Она протягивает ему страницы и снова утыкается в рецензии.
— Мартин Пурьер закрывается через три недели. Убей меня, если я пропущу.
— Мм…
У него есть двадцать минут. Теперь уже девятнадцать. Ему невероятно повезло. Пугающе повезло. У тебя неприятности, дружок? Что, блинчики подгорели? Да ты должен петь и плясать с утра до вечера, возносить благодарственные молитвы всем мыслимым и немыслимым богам хотя бы за то, что никто не надел тебе на голову горящую покрышку… Во всяком случае пока.
— Давай позвоним Би, пока ты не ушел, — предлагает Ребекка.
Какой отец предпочтет отложить разговор с родной дочерью?
Да, никто не зарезал тебя мачете… И тем не менее…
— Давай, когда я вернусь…
— Хорошо.
Совершенно ясно, что она ждет не дождется, чтобы он наконец вымелся. Обычное дело при многолетнем браке. Иногда хочется побыть дома в одиночестве.

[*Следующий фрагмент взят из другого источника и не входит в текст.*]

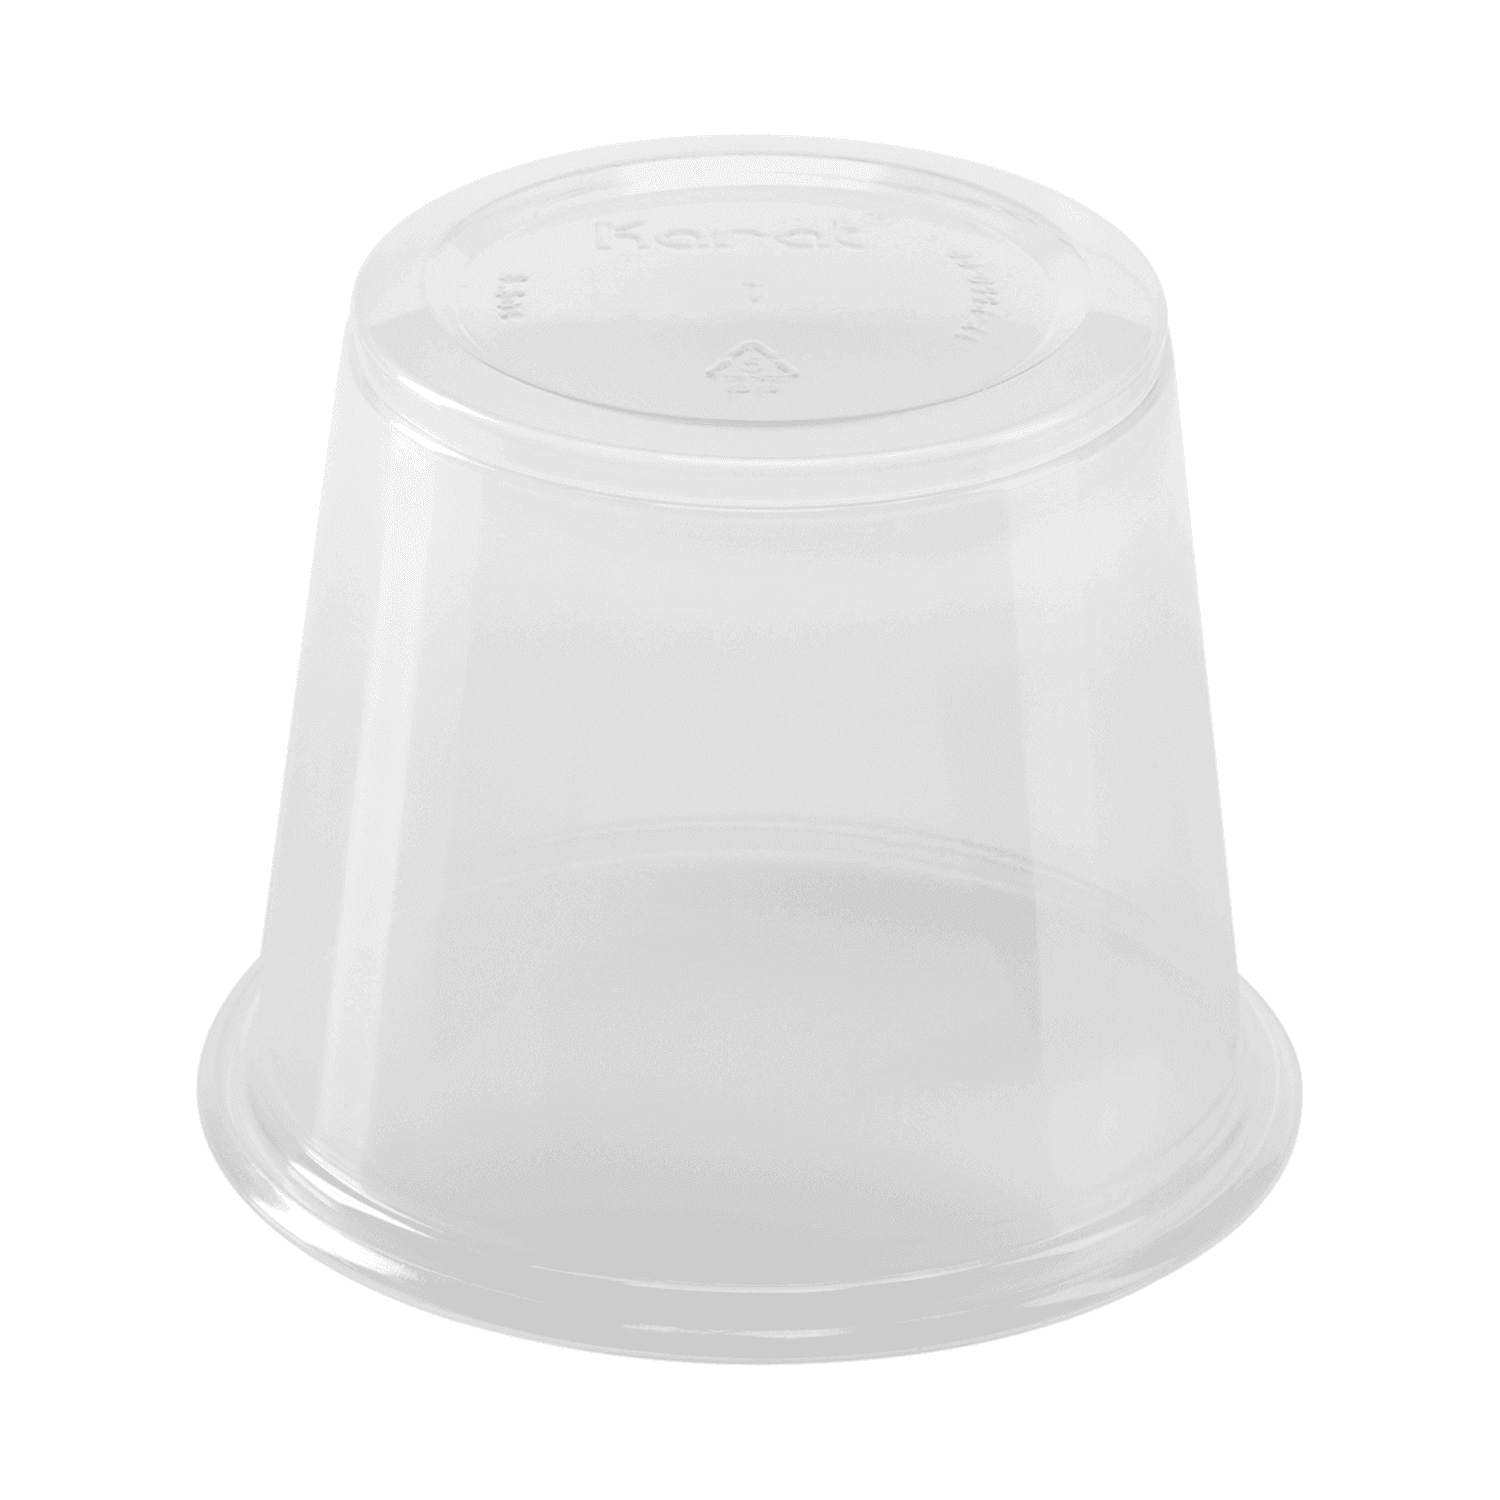 Clear Karat 5.5 oz PP Plastic Portion Cup upside down

Серебристо-серое свечение теплого апрельского полдня. Питер шагает к метро на Спринг-стрит. На нем потертые замшевые башмаки, темно-синие джинсы, светло-голубая неглаженая рубашка и кожаный пиджак цвета олова. Ты стараешься выглядеть не слишком расчетливо, но, как ни крути, тебя пригласили на ланч в фешенебельный ресторан аптауна, и ты, как последний кретин, хочешь, да, хочешь, с одной стороны, выглядеть не слишком откровенно по-даунтаунски (что смотрелось бы жалковато в твоем возрасте), но и не так, словно ты только и думаешь о том, как понравиться богатым пожилым дамочкам с аристократическими замашками. Пожалуй, что касается манеры одеваться, с годами Питер научился чуть более убедительно изображать того актера, который играет его. Но все равно бывают дни, когда трудно отделаться от чувства, что одет неправильно. Смешно и глупо так много думать о своем внешнем виде, но совсем не думать тоже невозможно.